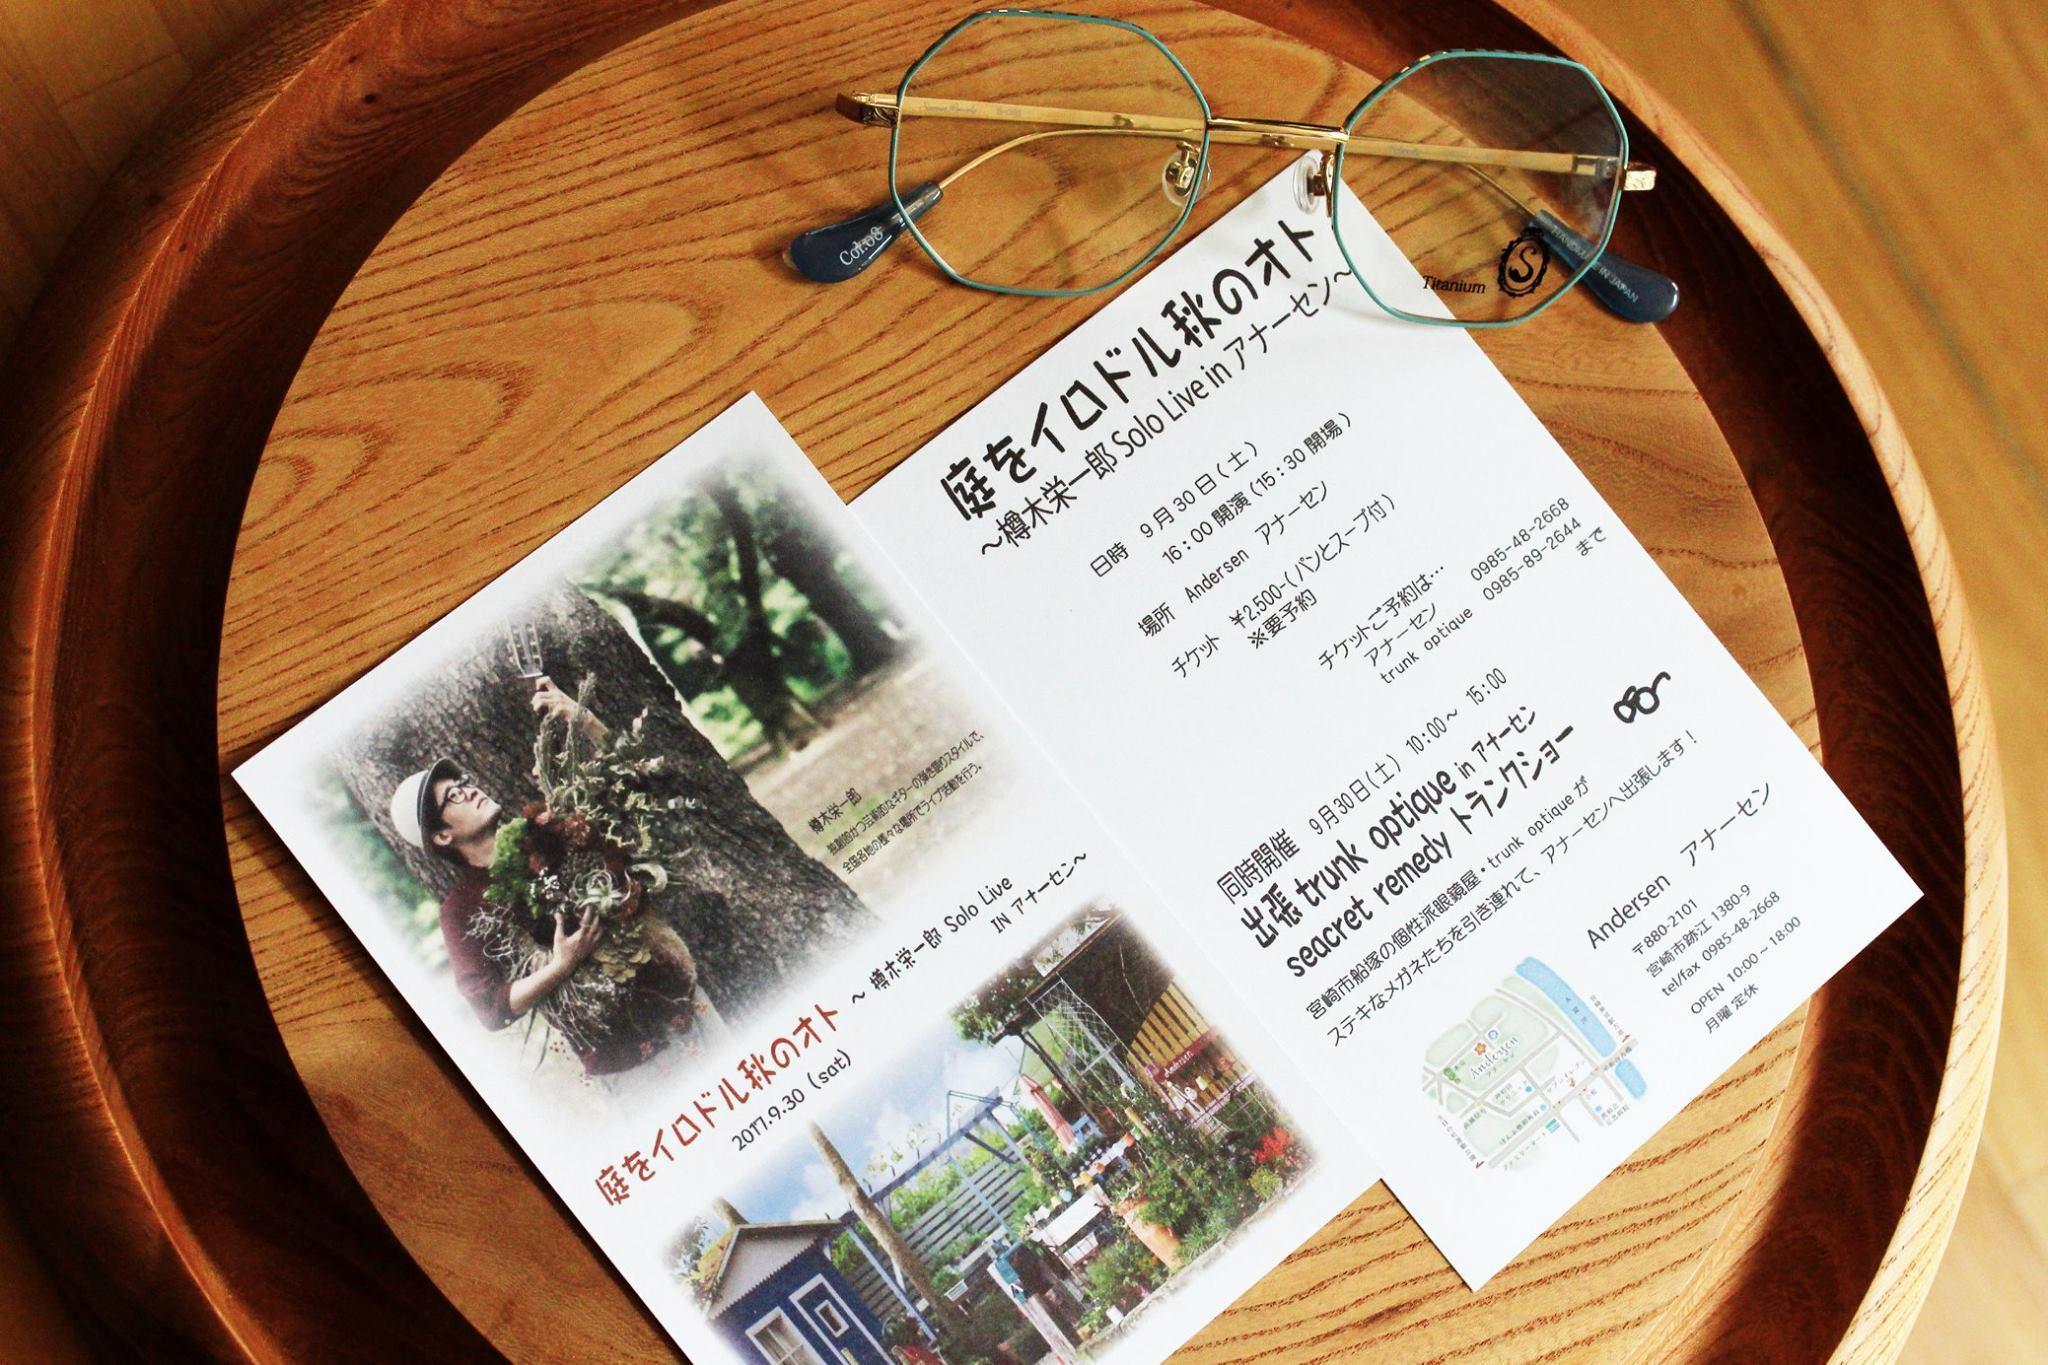 明日、30日は「樽木栄一郎ソロライブ」&メガネイベント・・・・最高の天気になりそう_b0137969_06564083.jpg
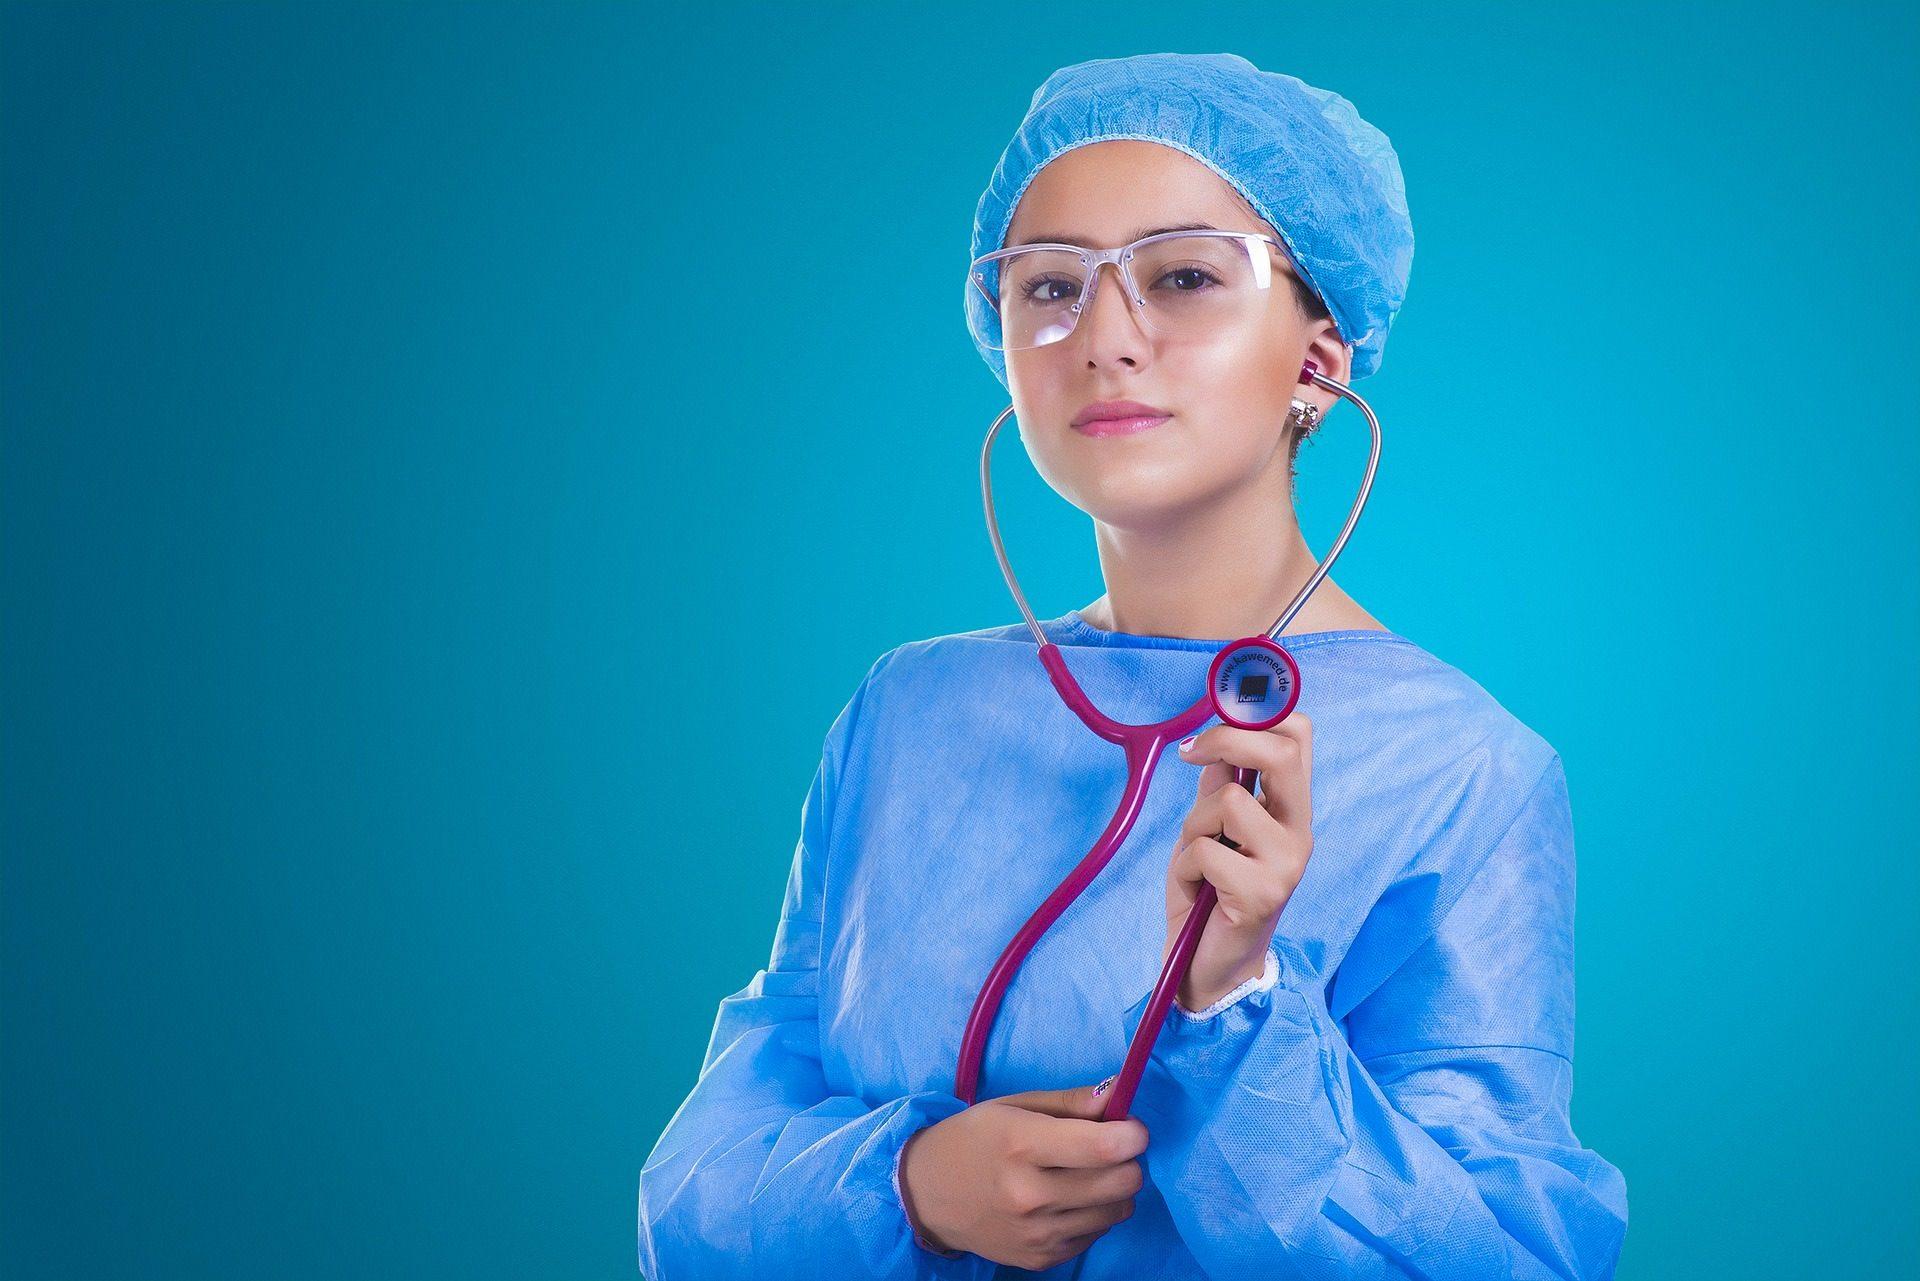 Nazwy zawodów w opiece zdrowotnej po niemiecku.
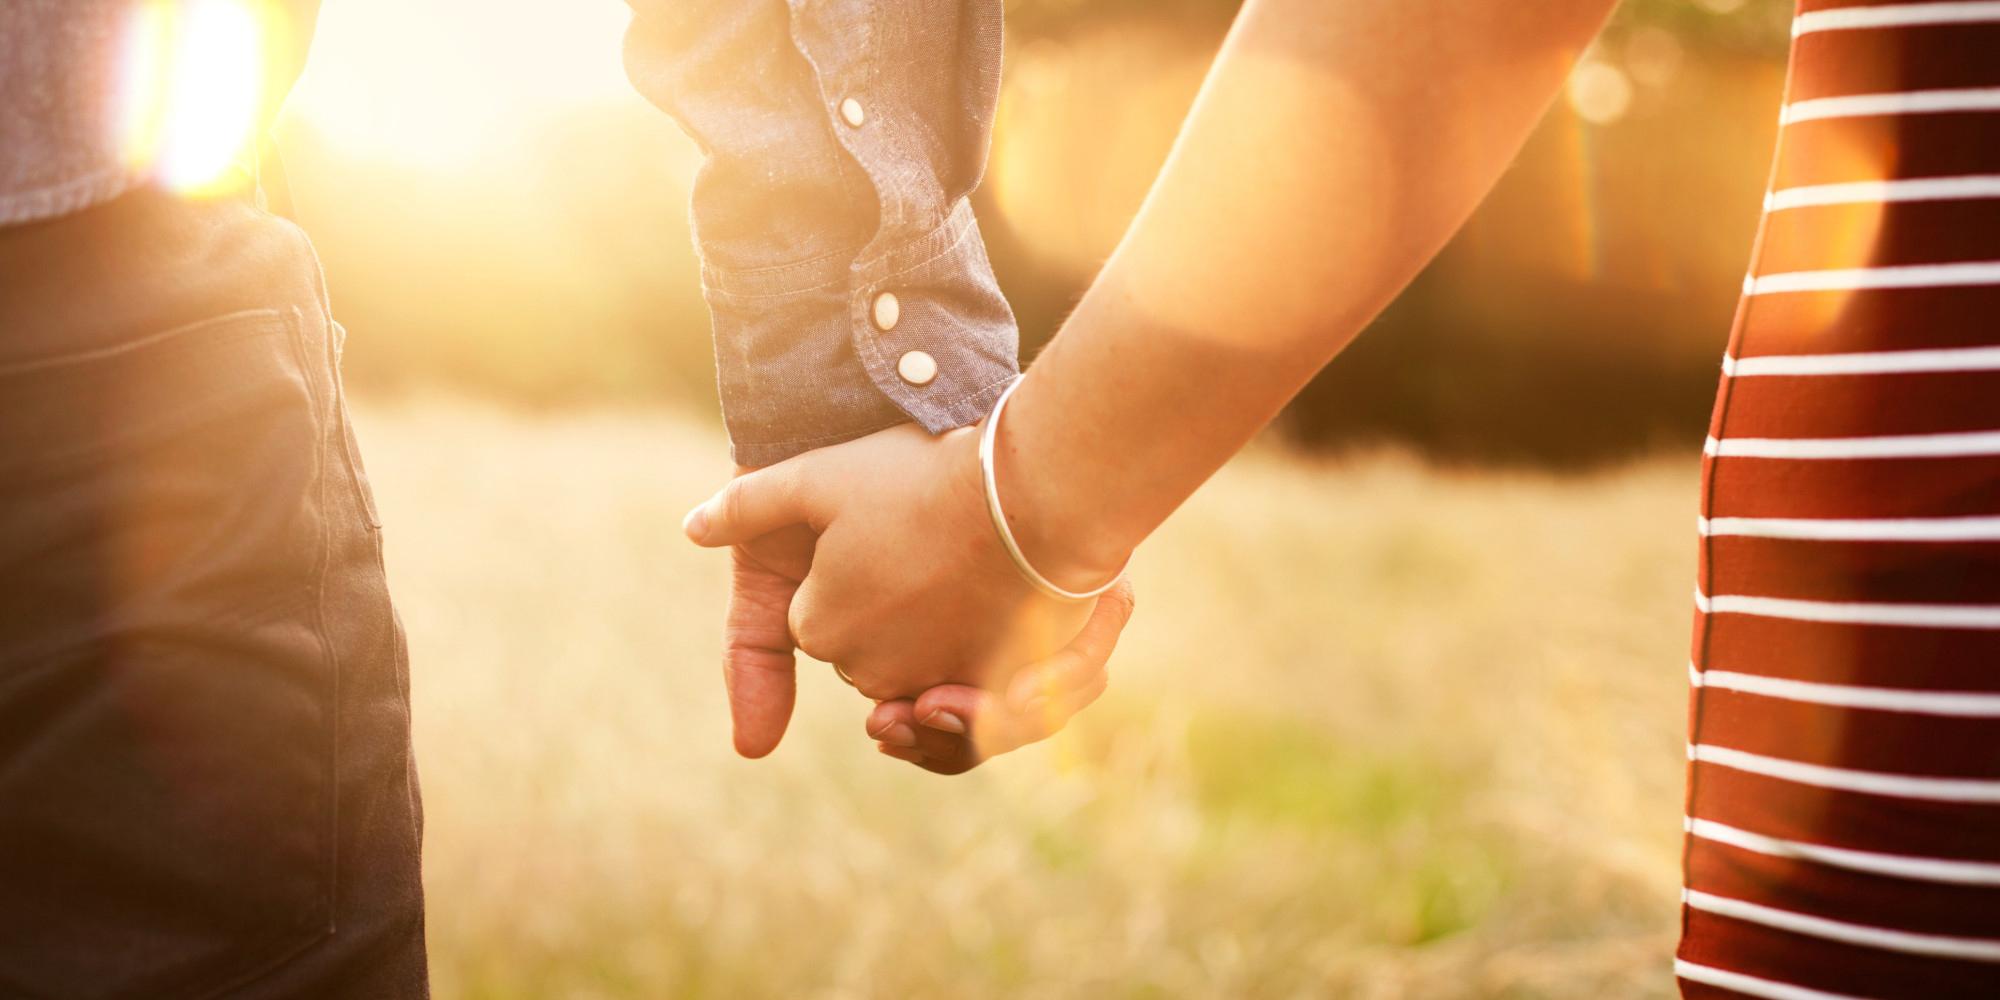 Картинки с надписями парень с девушкой держатся за руки, соня

§ **Work to complete**
Print out all the material word for word but exclude any images.

§ **Task response**
 明日、30日は「樽木栄一郎ソロライブ」&メガネイベント・・・・最高の天気になりそう_b0137969_06564083.jpg
 Nazwy zawodów w opiece zdrowotnej po niemiecku.
 Картинки с надписями парень с девушкой держатся за руки, соня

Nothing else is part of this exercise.